Zhong Kui konuştuğunda herkes susmuştu. Ne de olsa, hem ölümlü hem de hayalet diyara özgürce girip çıkabilen dünyadaki en önemli kişilerden biri karşılarındaydı ve onunla konuşurken ölümsüz bir ailenin başı bile saygılı olmak zorundaydı. Gençler ona küstahça davranmaya cesaret edebilir miydi?
“Cennet Efendisi, Shidi…”
“İblis tayının neden Fengming Gölü’nün dibinde olduğunu araştırmak yerine, gelip benim öğrencimi bir şeylerle itham ediyorsun. Bu ne cüret?” dedi Zhong Kui ve Yun Zhong Jun’a baktı, “Chunyang Sekti ile olan problem hakkında soru sormayacağım, ama iblis tayı Wuya, Zong Zi Xiao’nun kötü bir mirası. Ölümlü ve hayalet diyarın geleceği söz konusu. Cangyu Sekti herkese bir açıklama borçlu!”
Yun Zhong Jun’un yüzü bu sözlerden sonra mosmor oldu.
Lan Chui Han durumu toparlamak için uygun zamanı kollamıştı, “Cennet Efendisi, Kardeş Yun, artık geç oldu, herkes de yorgun. Böyle ciddi meseleler bu saatte konuşulmaz. Neden yarın konuşmuyoruz?”
“Evet, Shizun da yorgun,” dedi Xie Bi An, “Tüm bu olanları konuşmak için sabahı bekleyelim.”
Yun Zhong Jun bu durumdan pek hoşnut olmasa bile başka çıkış yolu yoktu. Burası Cangyu Sekti’nin bölgesi olmasına rağmen, Qi Meng Sheng burada değildi ve Zhong Kui’ye karşı gelmeye cesaret edemezdi.
Yun Zhong Jun yanlarından ayrıldıktan sonra konu üzerinde daha fazla tartışmadılar, söyledikleri gibi dinlenmek için kaldıkları yere geri döndüler.
Zhong Kui, Fan Wu She’ye sert bir bakış attı ve fısıldadı, “Seninle sonra hesaplaşacağız.”
Fan Wu She bunu ciddiye almadı ve Xie Bi An’ın ardından konuk odasından ayrıldı.
“Shixiong.”
Xie Bi An duymazlıktan geldi ve hızla ileri doğru yürüdü.
“Shixiong,” diye seslendi Fan Wu She ve Xie Bi An’ı kolundan çekti, “Beni bekle.”

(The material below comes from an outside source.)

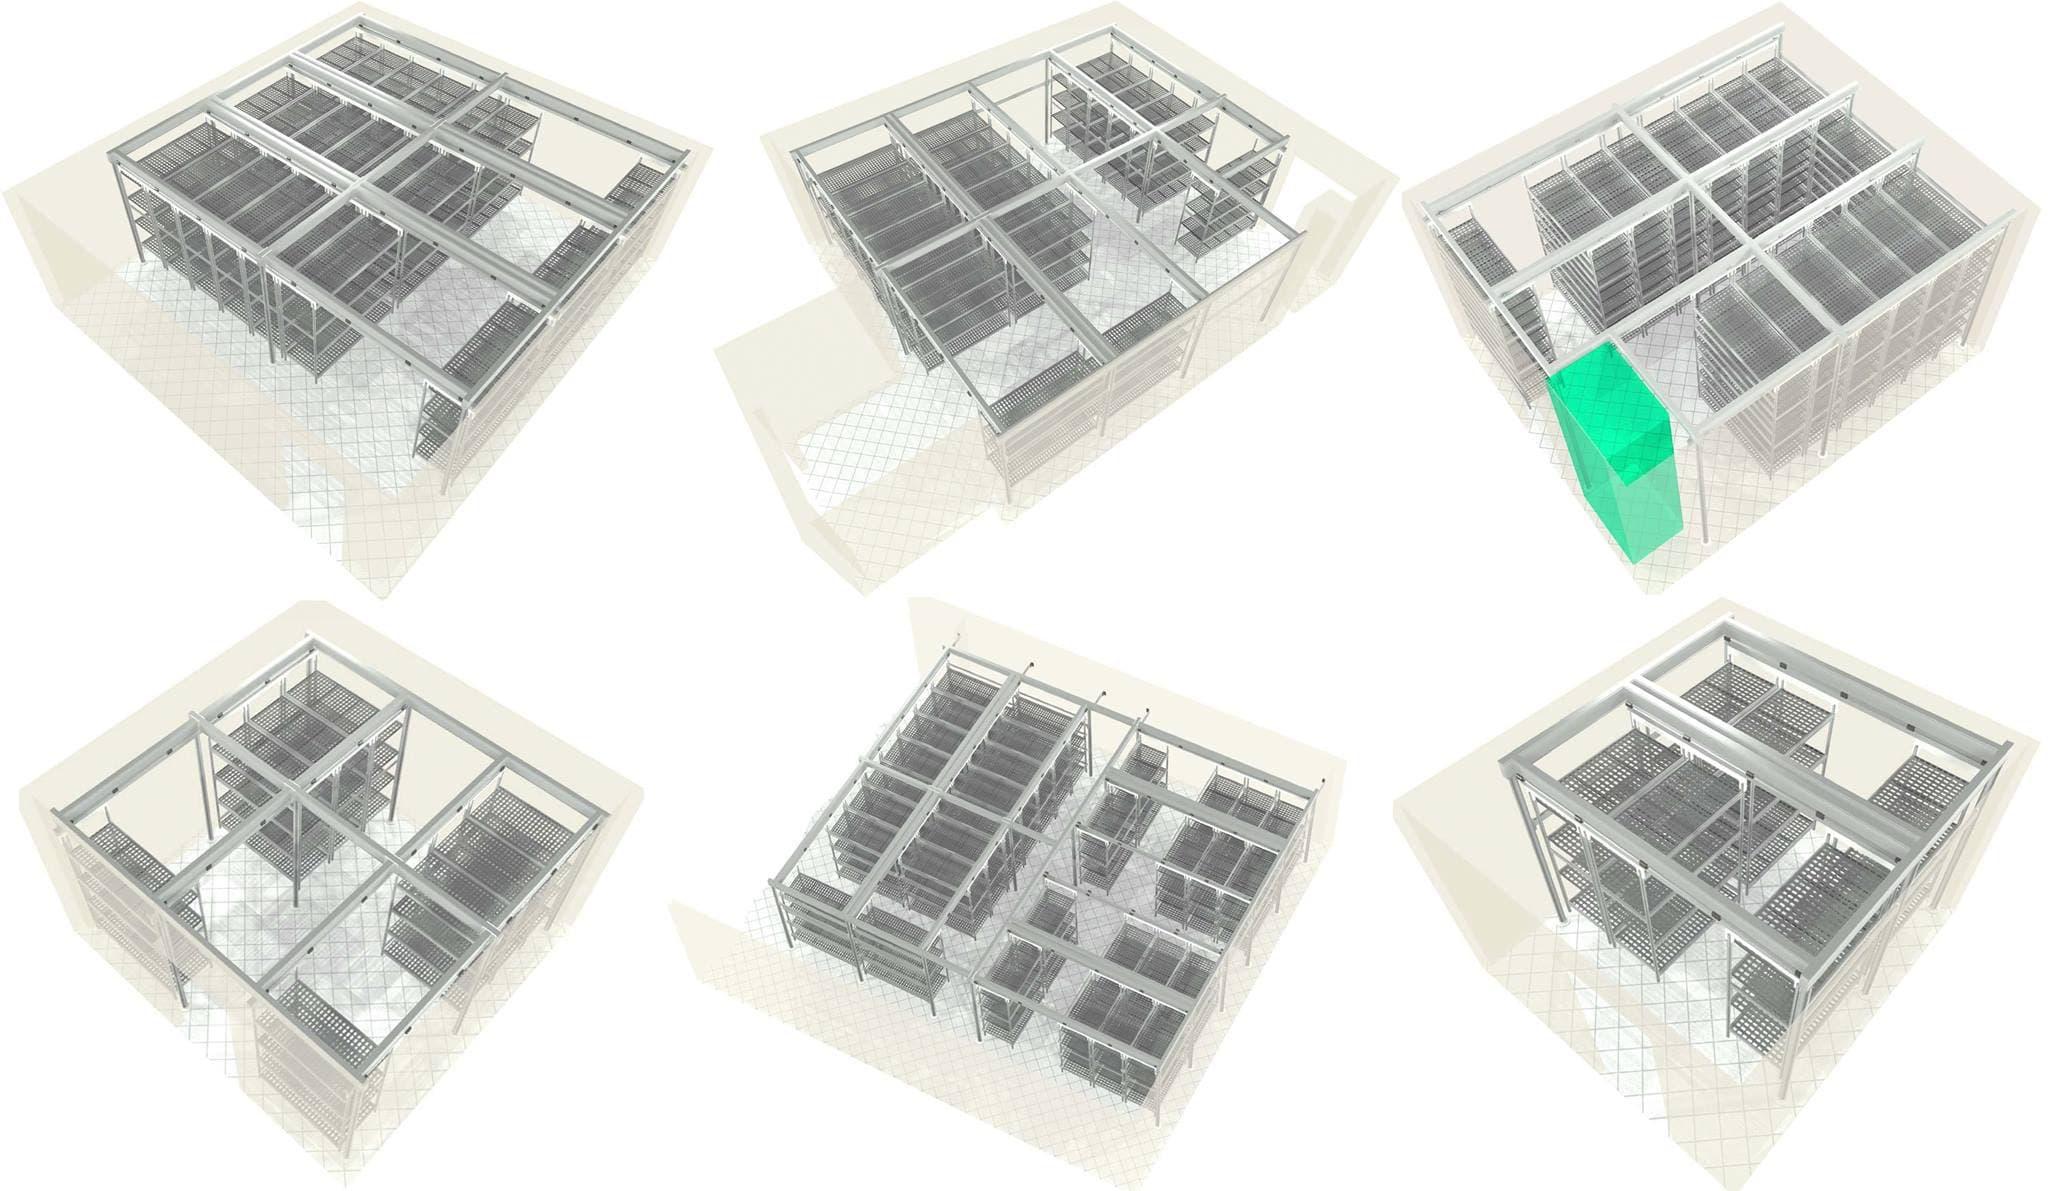 Передвижные стеллажи для аптек и складов

Xie Bi An elini savurdu, yüzü öfkeyle doluydu. Sesini alçalttı ve yanıt verdi, “Gerçekten de kristalleri çalmaya gitmişsin. Beni çok büyük hayal kırıklığına uğrattın.”
“Açıklamama izin ver.”
“Açıkla.”
Fan Wu She, Xie Bi An’ın siyah ve yuvarlak gözlerine baktı, gözbebekleri titriyordu ve beyaz yanakları hafifçe şişiyordu. Ona kızgın olsa da sanki daha çok baştan çıkarmaya çalışıyormuş gibi görünüyordu, bu yüzden söyleyeceği her şey o anda aklından uçup gitmişti.
Xie Bi An hala ona dik dik bakıyordu.
“Sadece gidip bir bakmak istemiştim.”
“Fan Wu She!” diye kükredi Xie Bi An, öyle öfkeliydi ki onu oracıkta dövmek istiyordu.
Öfkesini bastırdı, başını çevirdi ve oradan uzaklaştı.
Fan Wu She’nin odasının önünden geçerken, Fan Wu She bir kez daha Xie Bi An’ı çekiştirdi ve onu odasına sürükledi.
“Ne yapıyorsun?” dedi Xie Bi An ve tekrar kolunu geri çekti.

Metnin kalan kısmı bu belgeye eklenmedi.